New skincare analysis disrupts decades-old dermatology perception

Key takeaways on new analysis about hydroquinone-induced ochronosis

• Hydroquinone-induced ochronosis is brought on by tyrosinase metabolism, not HGD inhibition.
• Lengthy-term hydroquinone use produces reactive compounds that harm dermal tissue.
• True tyrosinase inhibitors like Thiamidol provide safer options for hyperpigmentation.
• Findings reshape beauty ingredient growth and dermatology finest practices.

A research from Fujita Well being College, revealed within the British Journal of Dermatology, reveals that exogenous ochronosis brought on by hydroquinone is pushed by tyrosinase metabolism, not inhibition of homogentisate dioxygenase (HGD), as beforehand thought.

Exogenous ochronosis is a uncommon however critical situation marked by bluish-black pigmentation, linked to long-term hydroquinone use for hyperpigmentation. For many years, it was believed to end result from HGD inhibition, an enzyme absent in human pores and skin.

Hydroquinone dangers: why tyrosinase is the true offender

Researchers discovered that hydroquinone is metabolised by tyrosinase into reactive compounds that accumulate within the dermis, forming ochronotic pigments. This explains why the situation happens solely in pores and skin with energetic melanocytes and highlights the necessity for safer, true tyrosinase inhibitors.
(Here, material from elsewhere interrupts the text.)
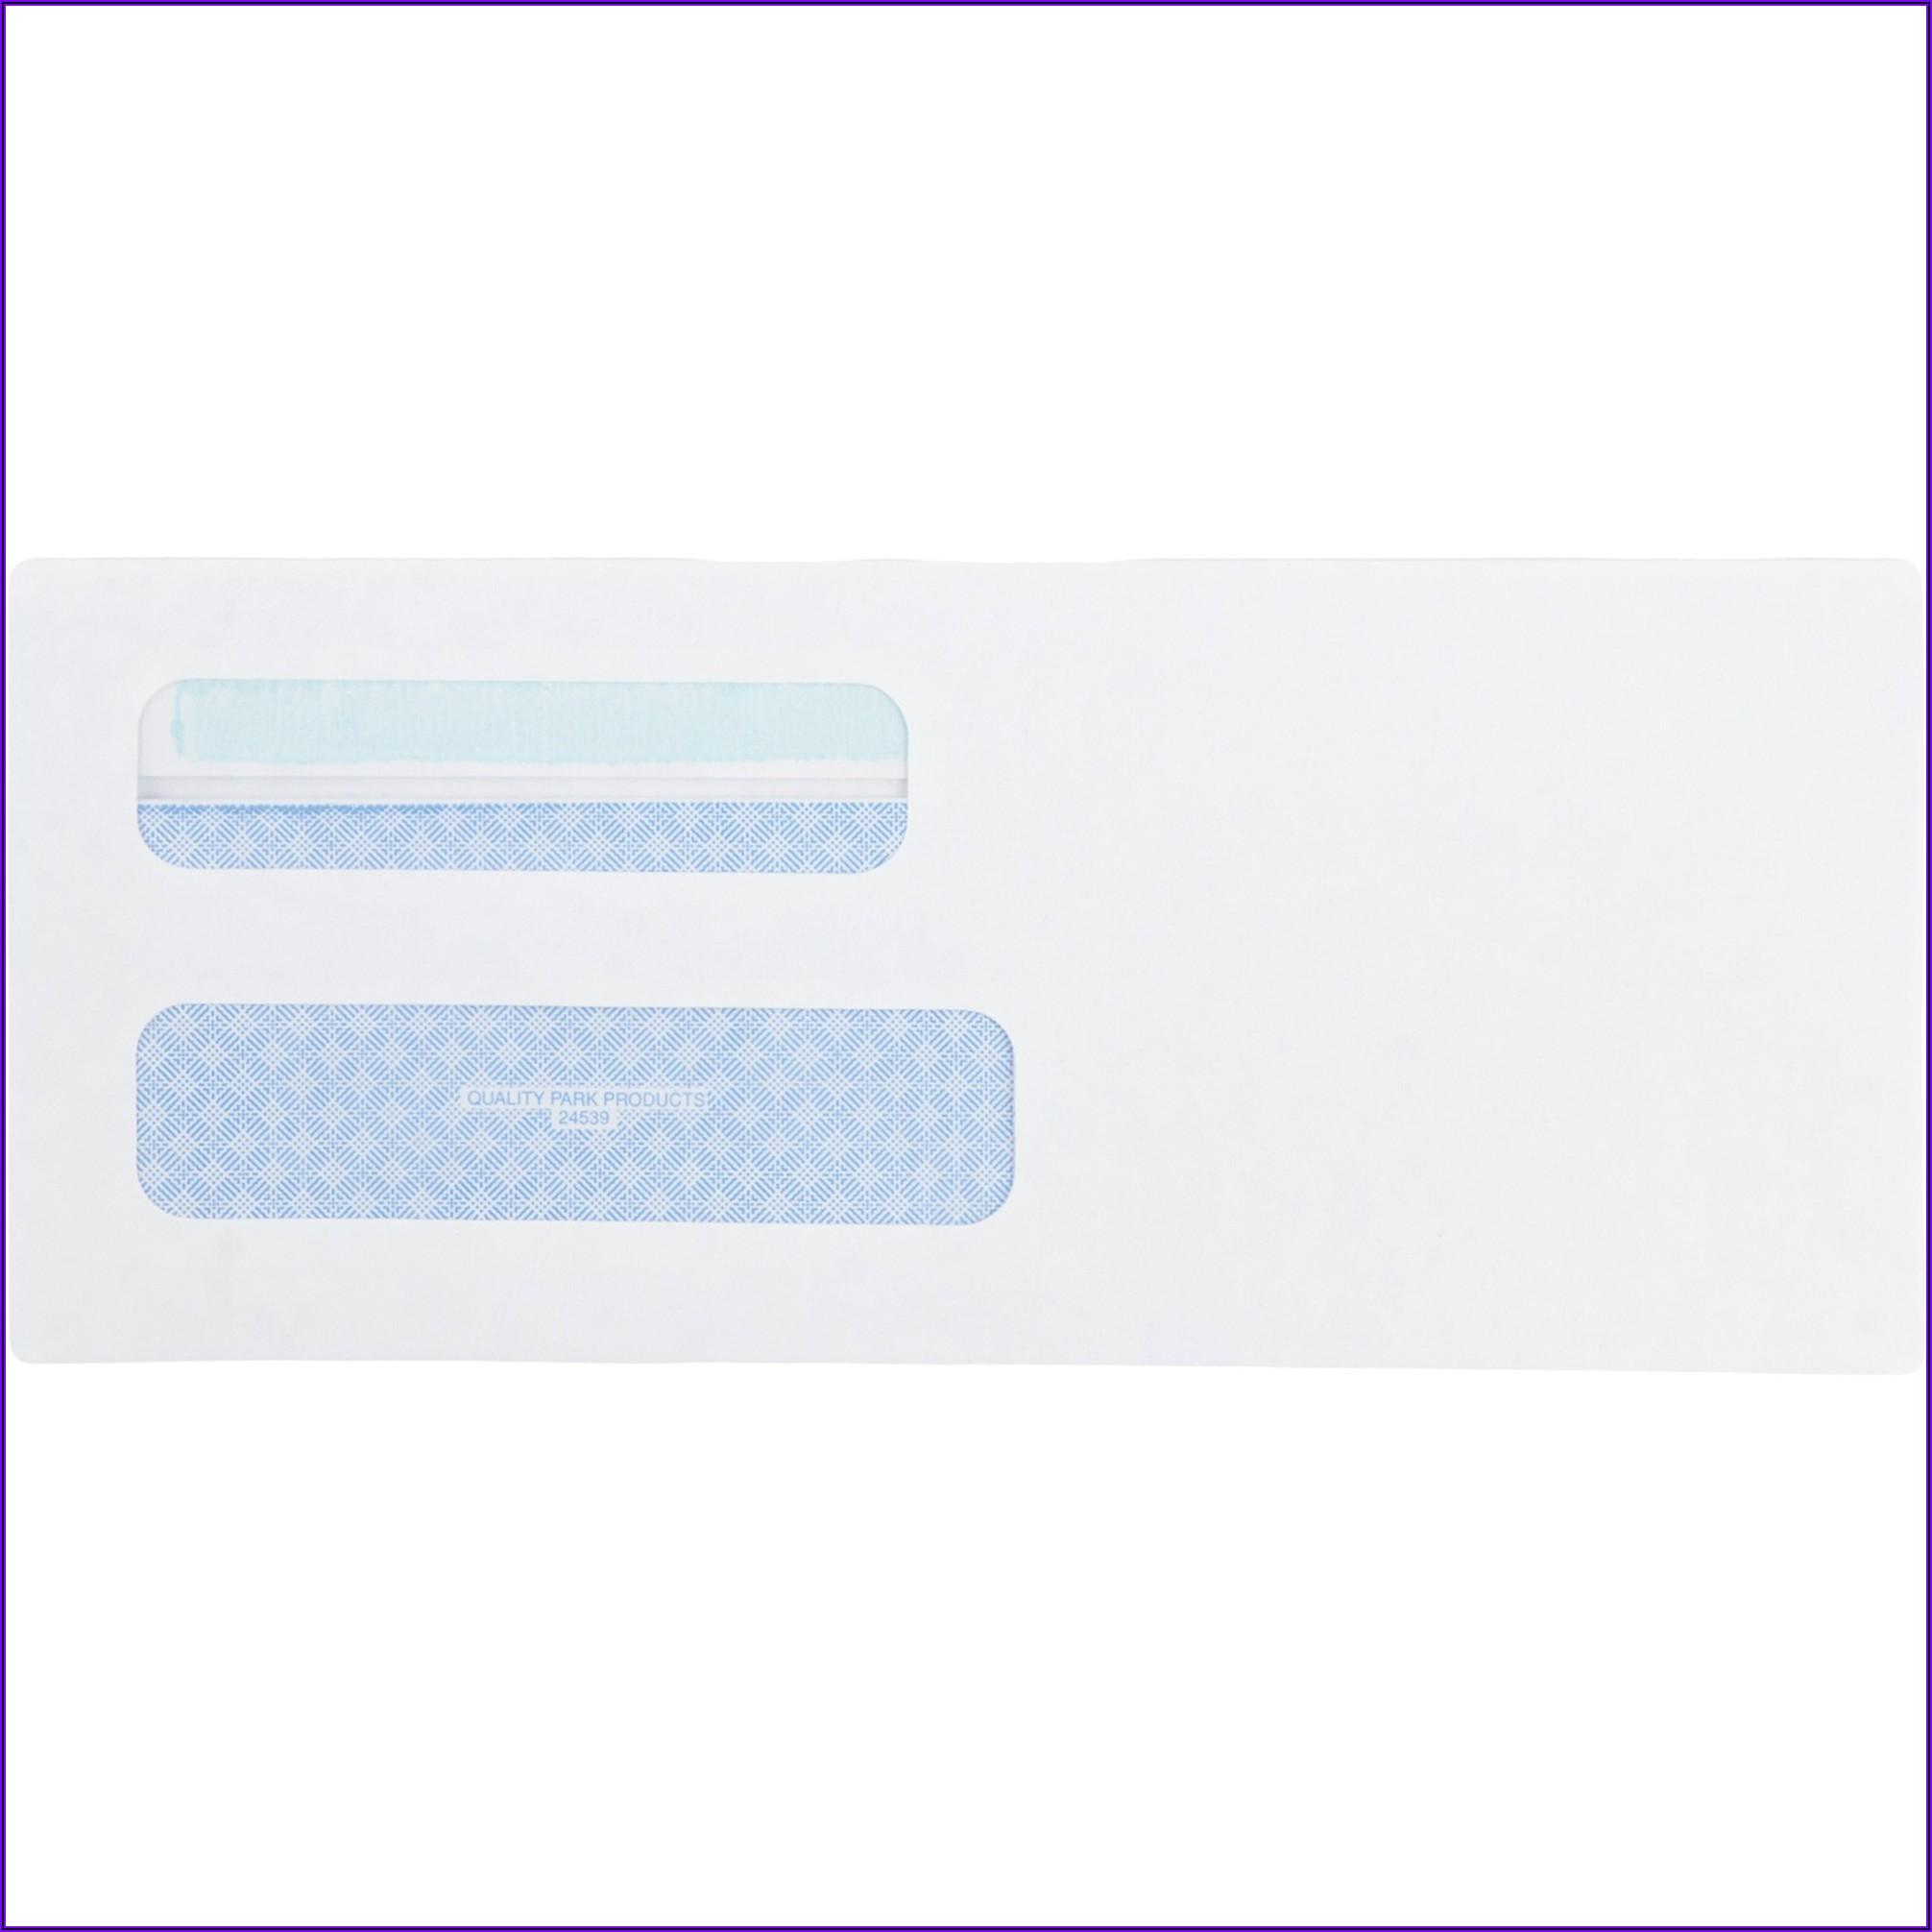 Quality Park Double Window Redi Seal Envelopes

Hydroquinone has lengthy been the gold normal for hyperpigmentation, however its affiliation with ochronosis has raised security issues. The research confirms HGD is just not expressed in pores and skin and can’t be inhibited by hydroquinone. As an alternative, tyrosinase quickly oxidises hydroquinone into dangerous intermediates that diffuse into the dermis, particularly in sun-damaged areas.

As Dr Shosuke Ito explains, “To research the underlying mechanisms of exogenous ochronosis, we examined each the potential inhibition of HGD and the metabolism of hydroquinone catalysed by tyrosinase.”
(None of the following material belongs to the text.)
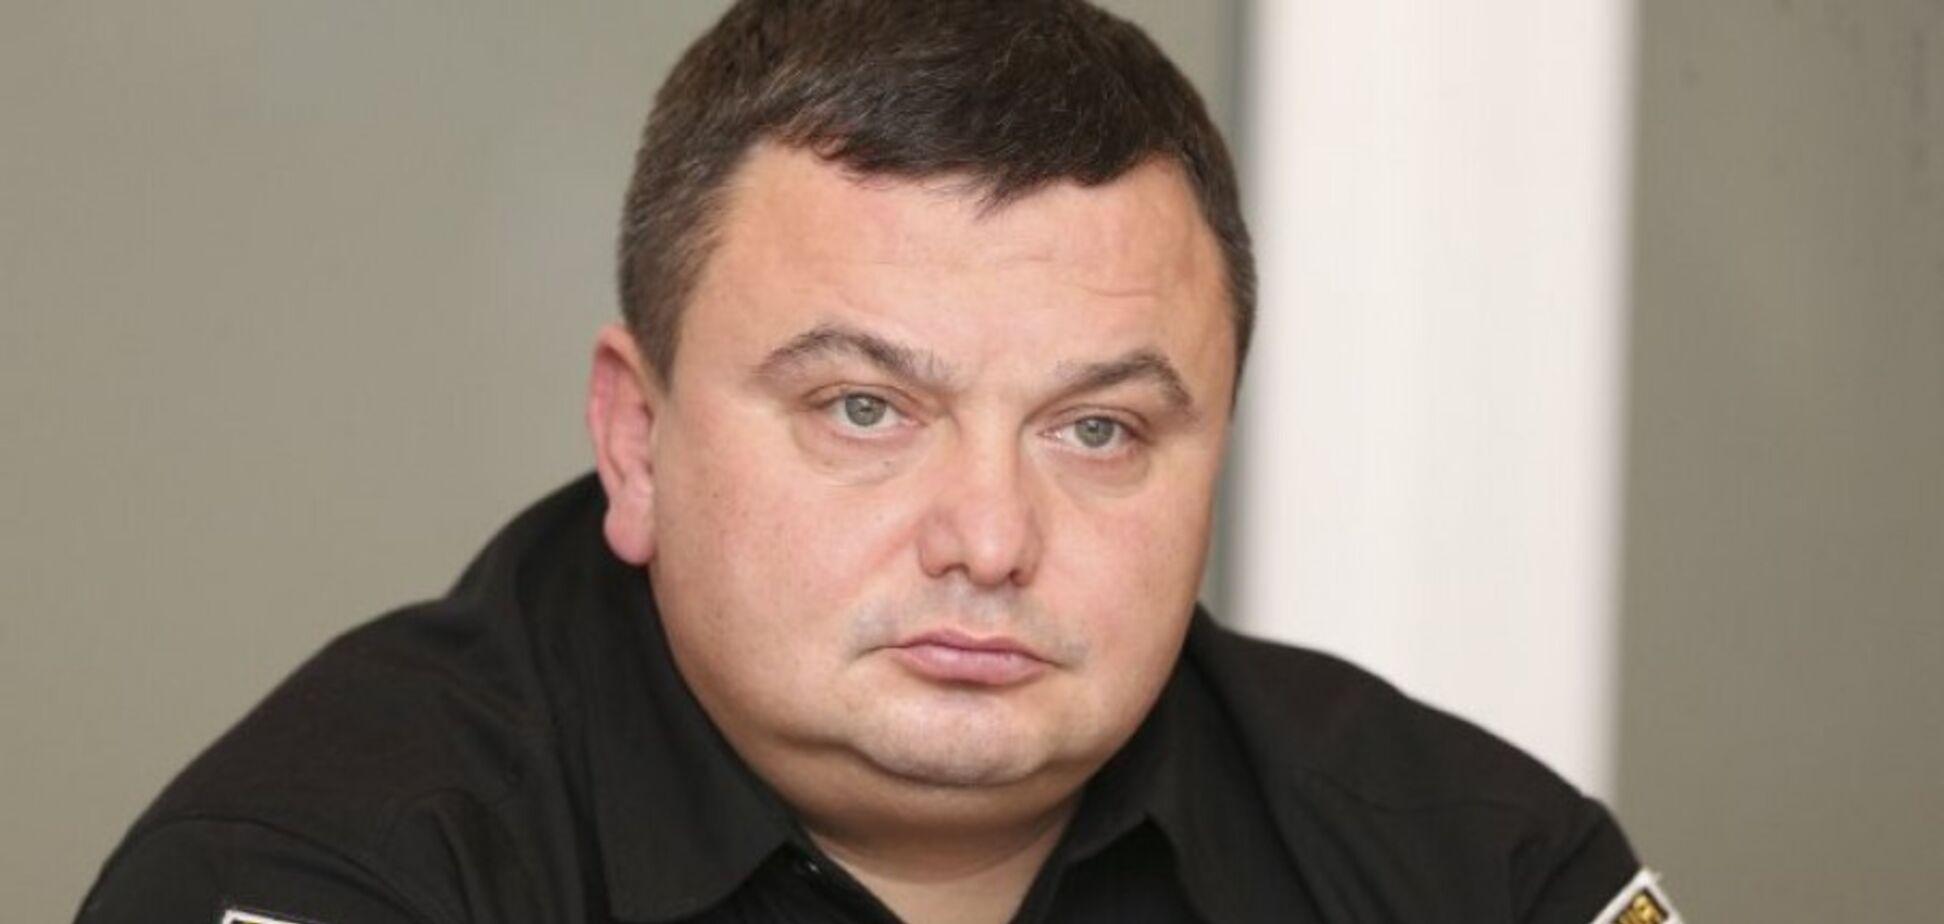 Убийство ребенка под Киевом: Князев уволил главу Нацполиции области

Subsequent-gen hyperpigmentation care: tyrosinase inhibitors take the lead

The findings have main implications for ingredient growth. True tyrosinase inhibitors, equivalent to Thiamidol®, butylresorcinol, hexylresorcinol, and kojic acid, are thought of secure. In distinction, compounds appearing as tyrosinase substrates, like rhododendrol and raspberry ketone, carry related dangers and needs to be averted, based on the analysis.

“Compounds that act as substrates for tyrosinase needs to be averted in topical merchandise, whereas extremely efficient and selective tyrosinase inhibitors are thought of secure to be used,” mentioned Dr Ito.

By figuring out tyrosinase, not HGD, as the important thing driver of hydroquinone-induced ochronosis, this analysis offers a basis for designing next-generation skincare elements that scale back pigmentation with out risking long-term dermal harm.